Home Business & Tech Bridging Digital Divide is an Urgent Matter – Kagame

Bridging Digital Divide is an Urgent Matter – Kagame

by Dan Ngabonziza
2:55 pm

President Paul Kagame told Tranform Africa Summit that bridging the digital divide is an urgent matter

President Paul Kagame has told delegates at a major ICT summit in Rwanda that as long as women and girls are lagging behind, Africa is not on the right track of advancing technology.

He said that bridging the digital divide is an urgent matter.

“If technology is entrenching divides, rather than equalizing opportunity, then we are not harnessing it well,” the president said while addressing the 3rd edition of Transform Africa Summit taking place in the capital Kigali.

Kagame said that access to technology and information must also not distinguish between rich and poor, or between urban and rural people.

He said that Africa looks set to emerge as one of the planet’s great centres of growth, innovation and opportunity in future generations. But he warned the continent has to be fully connected with high speed internet to achieve this.

“Africa has to be connected, and why not at the highest possible speeds?” Kagame asked more than 3000 delegates attending 3rd edition of a 3-day Transform Africa summit.

The summit, convened at Radisson Blu and Convention Centre in the capital Kigali, seeks to launch the ‘Smart Africa’ blue print that embeds a vision of technology based African cities in the next decades.

Currently, a small percentage of Africans have access to internet and even the one available has a very low connectivity – a challenge President Kagame said, “must be regarded as an opportunity for stronger public – private collaboration.”

The President said that in Rwanda, “our partnership with Korea Telecom has already served to speed up our progress towards the broadband target.”

Through partnership with Korea Telecom, the country laid over 3,000km of a $130m Fibre optic network with 4G LTE connectivity, covering 95% of the 11 million population.

The country, through Ministry of education has also distributed more than 204,000 laptops to 407 schools countrywide as part of the ‘One Laptop per Child (OLPC)’ project – ranking Rwanda the 3rd largest deployment globally, after Peru and Uruguay.

Jean Phibert Nsengimana, Minister of Youth and ICT told the summit that today, the 4-GLTE internet “is a blanket that covers 70% of our country, connecting businesses, transforming education and enabling a paperless, cashless and real time 24/7 government services experience for business and our citizen.”

Kagame wants similar model deployed across the continent.
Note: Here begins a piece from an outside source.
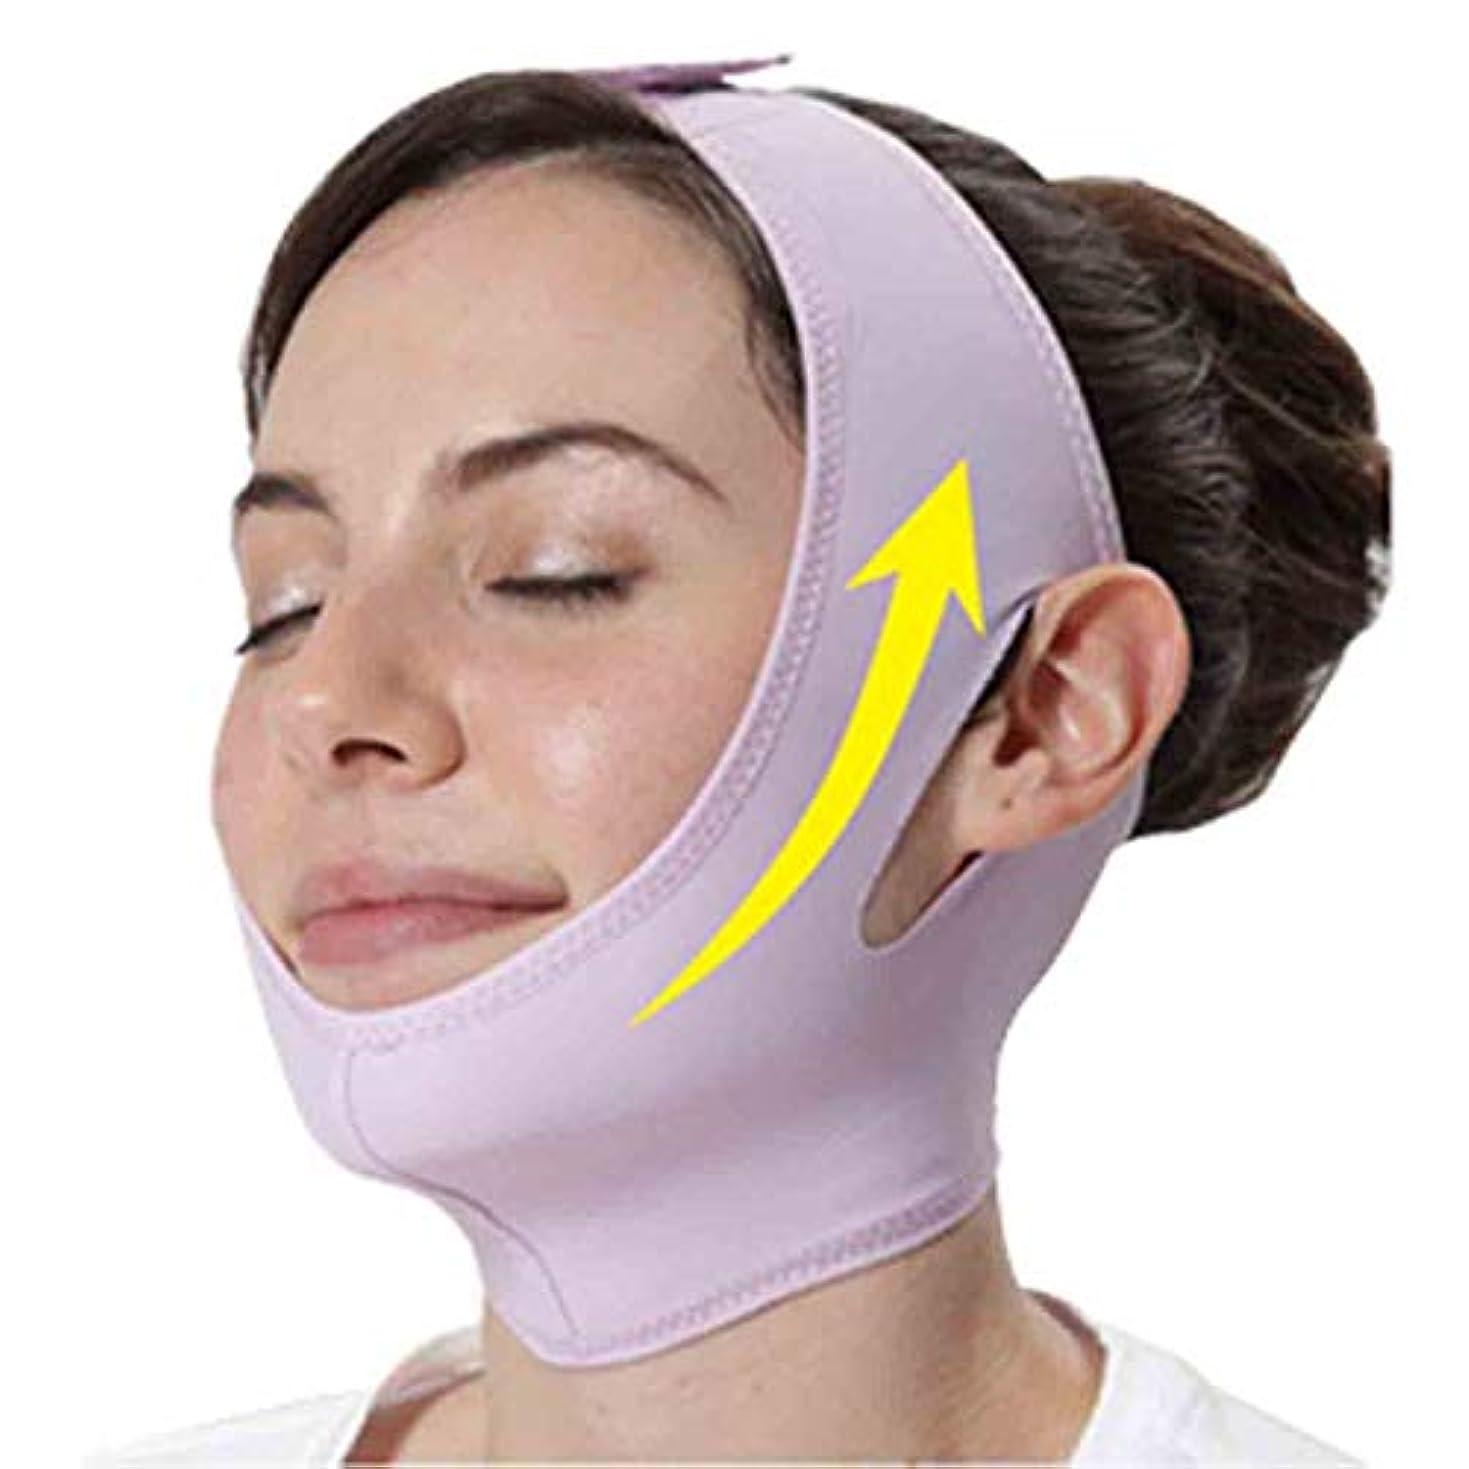 コンテスト貸す硬化するAlleygem_GJ 小顔 矯正 マスク リフトアップ メンズ レディース FceMsk

For instance, in his speech, he told delegates that through partnership, “We can work together to put technology in hands of citizens in order to build inclusive and sustainable places to live.”

At Transform Africa Summit, delegates have been told that access to technology and information must also not distinguish between rich and poor, or between urban and rural people

Strive Masiyiwa, Founder and Executive Chairman of Econet – a diversified global telecommunications group with operations and investments in over 15 countries including Africa, heeded to Kagame’s statement and projected why Africa need internet and technology more than anything else.

For instance, he said in the past 2 years, the data consumed globally has never been consumed since mankind.

For technology and innovation to flourish on the continent, Masiyiwa advised that African entrepreneurs should be given an enabling, friendly and sensitive working environment.

“Before end of the century, there are going to be over 40 billion people on the planet. There will be massive cities in Africa,” Masiyiwa said.

For Africa to move out of its current situation, Kagame said; “Our future well-being depends on how well we respond to these challenges, right now.”

The President said that the word smart is about leveraging technologies to narrow the gap between high quality services needed and those we can afford.

“The Smart Cities framework launched today should serve as a catalyst to fast-forward our plans. The focus on people is the starting point around which we can build everything else. Transforming Africa means transforming Africans, by enabling a practical mindset of problem solving and discovery,” Kagame said.

Houlin Zhao, the Secretary General of International Telecommunication Union (ITU), paid tribute to President Kagame for his unmatched efforts to push internet connectivity by regularly attending the meetings.

“Since July 2010, ITU and UNESCO have been inviting President Kagame to chair ITU summit and he has never missed any of the meetings,” he said.

The Secretary General of ITU offered full support to the Broadband Commission to help transform Africa.

“Africa is leading the way. You have created a Smart Africa scholarship fund, shaping the new leaders.”

Dr. Hamadoun Toure, Executive Director of the Smart Africa Alliance, said he hopes, “to move forward on Smart cities vision and advance cities through ICTs.”

About 3.5 billion people live in cities around the world. This figure, Toure said should be “an opportunity to develop strategies on new ways to shape and accelerate Africa’s digital revolution.”

By doing this, he added, “We want to empower Smart Africa member states to become smart economies.”

Currently, there are 18 member states of Smart Africa Alliance, with more new members expected to join during this 3-day conference, Toure said.

At the launch of the 2017 Transform Africa Summit, President Kagame was accompanied by The First Lady Jeannette Kagame, President Faure Gnassingbé of Togo, Prime Minister of São Tomé and Principe, Patrice Trovoada and his wife.